Department of Hepatology, Institute of Liver and Biliary Sciences, New Delhi, 110070, India.
Hepatol Int. 2018 Feb;12(Suppl 1):148-167. doi: 10.1007/s12072-018-9844-3. Epub 2018 Feb 20.
Idiopathic portal hypertension (IPH) and extrahepatic portal venous obstruction (EHPVO) are non-cirrhotic vascular causes of portal hypertension (PHT). Variceal bleed and splenomegaly are the commonest presentations.
The present review is intended to provide the existing literature on etiopathogenesis, clinical profile, diagnosis, natural history and management of IPH and EHPVO.

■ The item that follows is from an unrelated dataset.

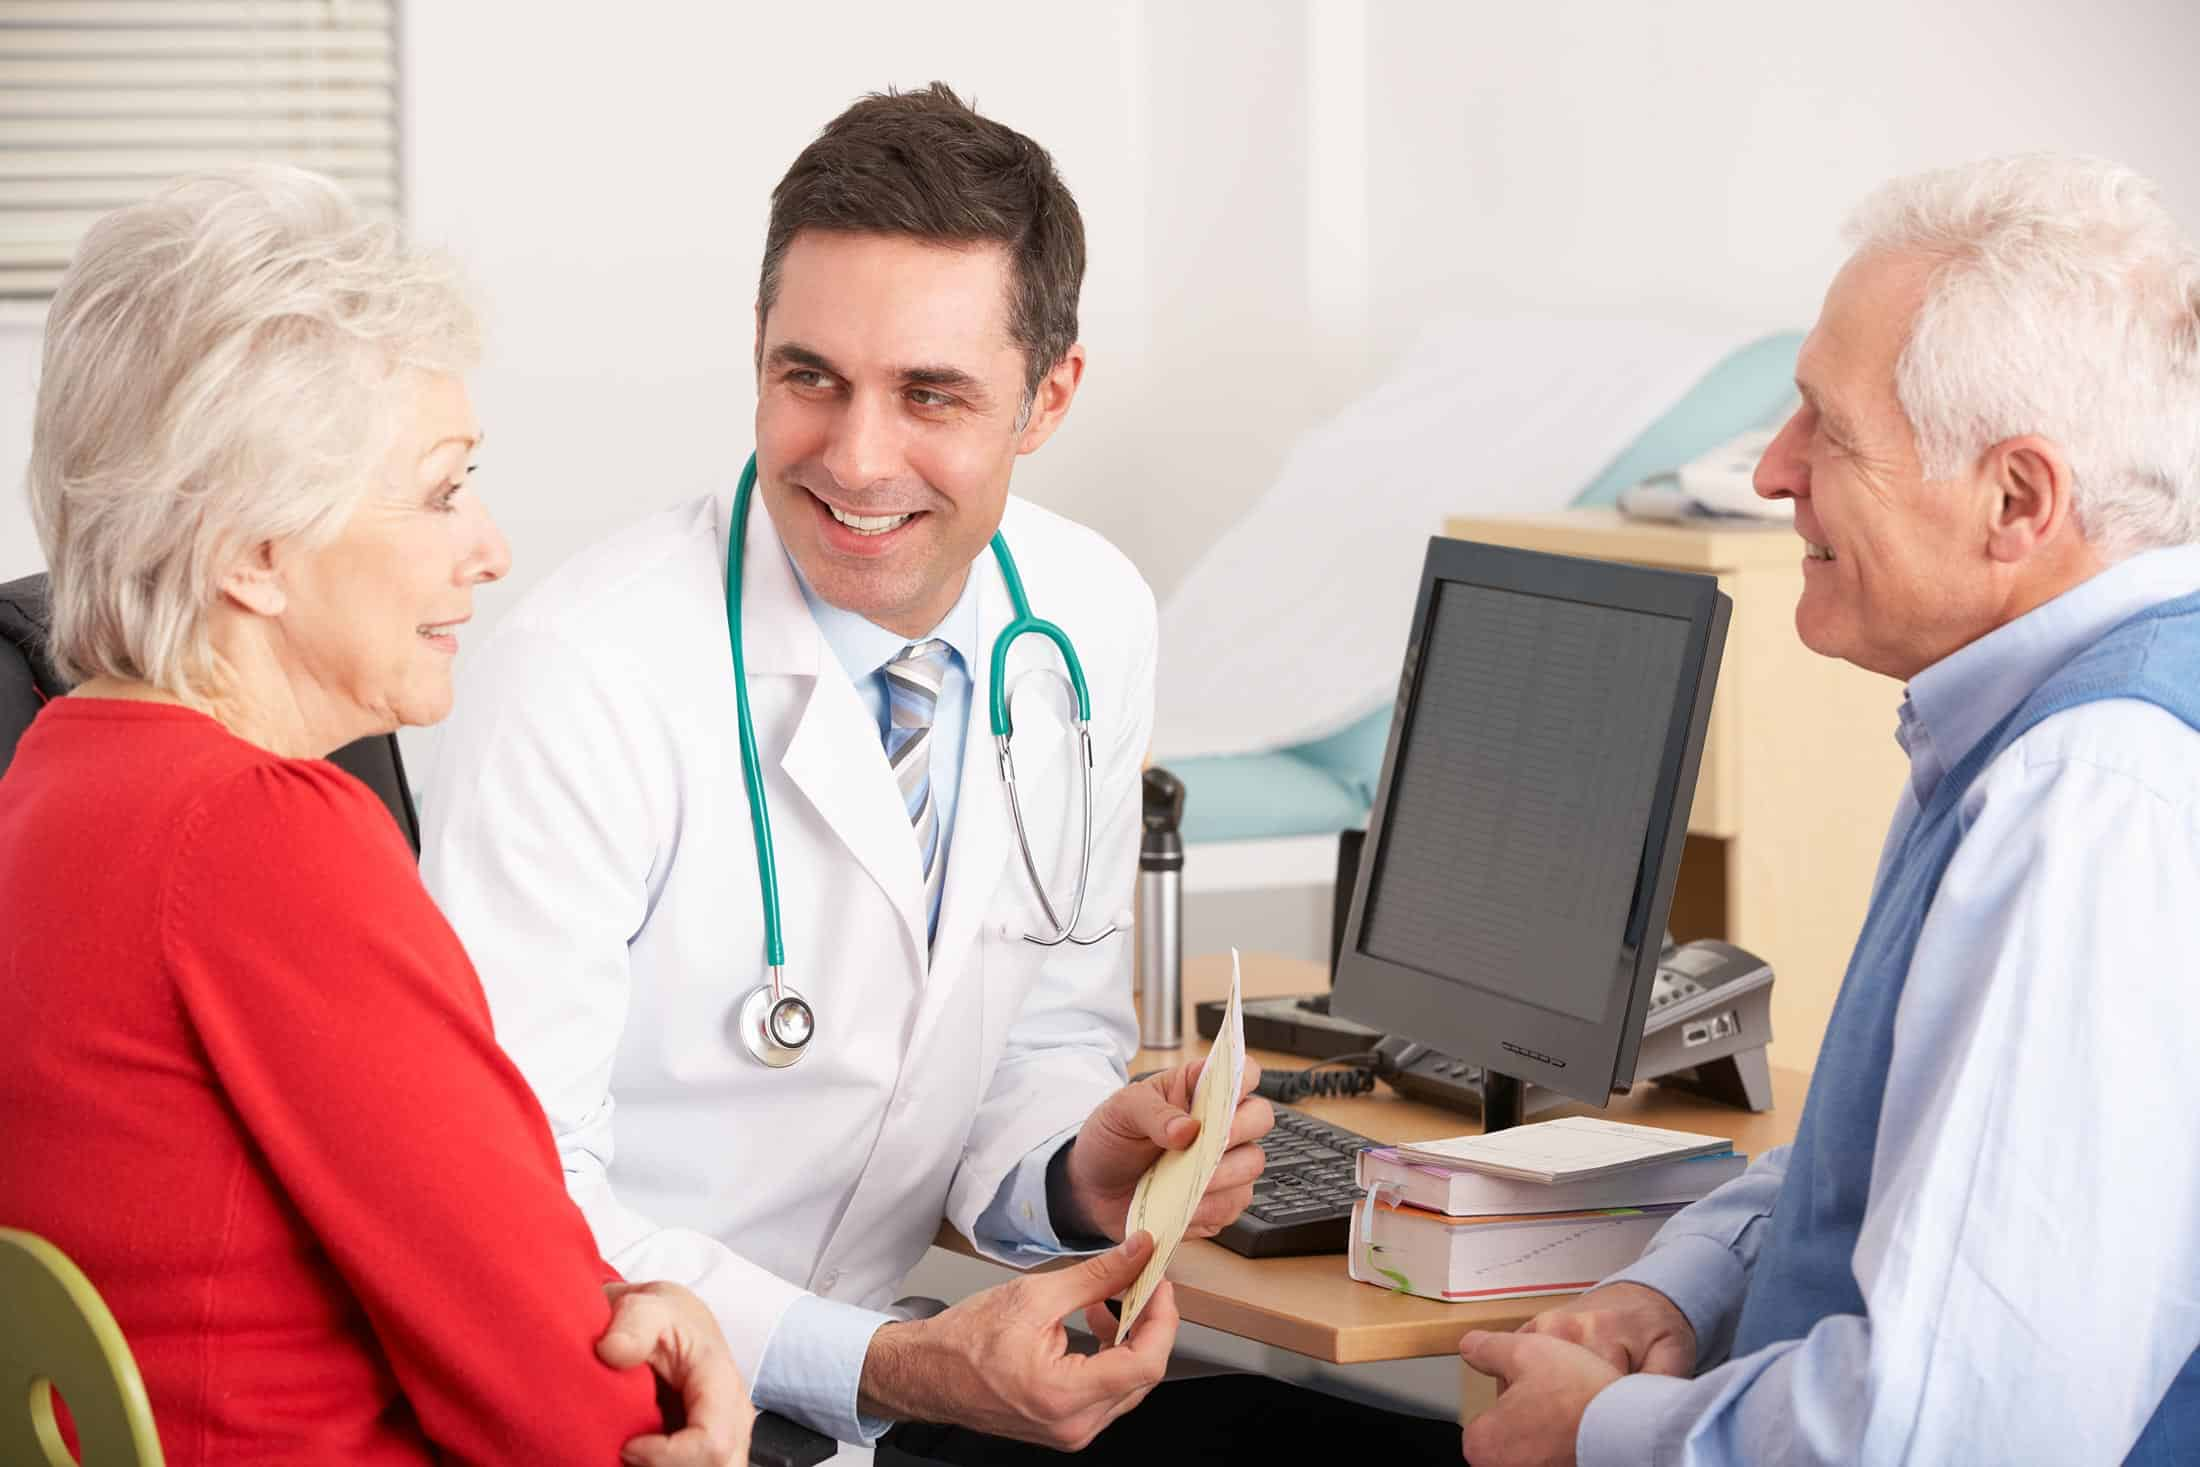 Senior doctor visit - older couple

IPH and EHPVO are both characterized by normal hepatic venous pressure gradient, moderate to massive splenomegaly with preserved liver synthetic functions. While the level of block in IPH is presinusoidal, in EHPVO it is at prehepatic level. Infections, autoimmunity, drugs, immunodeficiency and prothrombotic states are possible etiological agents in IPH. Contrastingly in EHPVO, prothrombotic disorders and local factors around the portal vein are the incriminating factors. Diagnosis is often clinical, supported by simple radiological tools. Natural history is defined by episodes of variceal bleed and symptoms related to enlarged spleen. Growth failure, portal biliopathy and minimal hepatic encephalopathy are additional concerns in EHPVO. Long-term survival is reasonably good with endoscopic surveillance; however, parenchymal extinction leading to decompensation is seen in a minority of patients in both the disorders. Surgical shunts revert the complications secondary to PHT. Meso-Rex shunt has become the standard surgery in children with EHPVO.
This review gives a detailed summary of these two vascular conditions of liver-IPH and EHPVO. Further research is needed to understand the pathogenesis and natural history of these disorders.
特发性门静脉高压症(IPH)和肝外门静脉阻塞(EHPVO)是非肝硬化性门静脉高压症(PHT)的非肝血管原因。静脉曲张出血和脾肿大是最常见的表现。
本综述旨在提供关于 IPH 和 EHPVO 的病因发病机制、临床特征、诊断、自然史和治疗的现有文献。
IPH 和 EHPVO 的特点均为正常肝静脉压力梯度、中等至大量脾肿大伴保留肝脏合成功能。虽然 IPH 的阻塞程度为窦前性,而 EHPVO 的阻塞程度为肝前性。在 IPH 中,感染、自身免疫、药物、免疫缺陷和血栓形成状态可能是病因。相反,在 EHPVO 中,血栓形成紊乱和门静脉周围的局部因素是罪魁祸首。诊断通常是临床的,辅以简单的影像学工具。自然史由静脉曲张出血和肿大脾脏相关症状定义。生长发育迟缓、门静脉胆病和轻微肝性脑病是 EHPVO 的其他关注点。内镜监测的长期生存情况良好,但在这两种疾病中,少数患者会出现实质消失导致失代偿。手术分流术可逆转 PHT 引起的并发症。在 EHPVO 患儿中,Meso-Rex 分流术已成为标准手术。
本综述详细总结了这两种肝脏血管疾病-IPH 和 EHPVO。需要进一步研究来了解这些疾病的发病机制和自然史。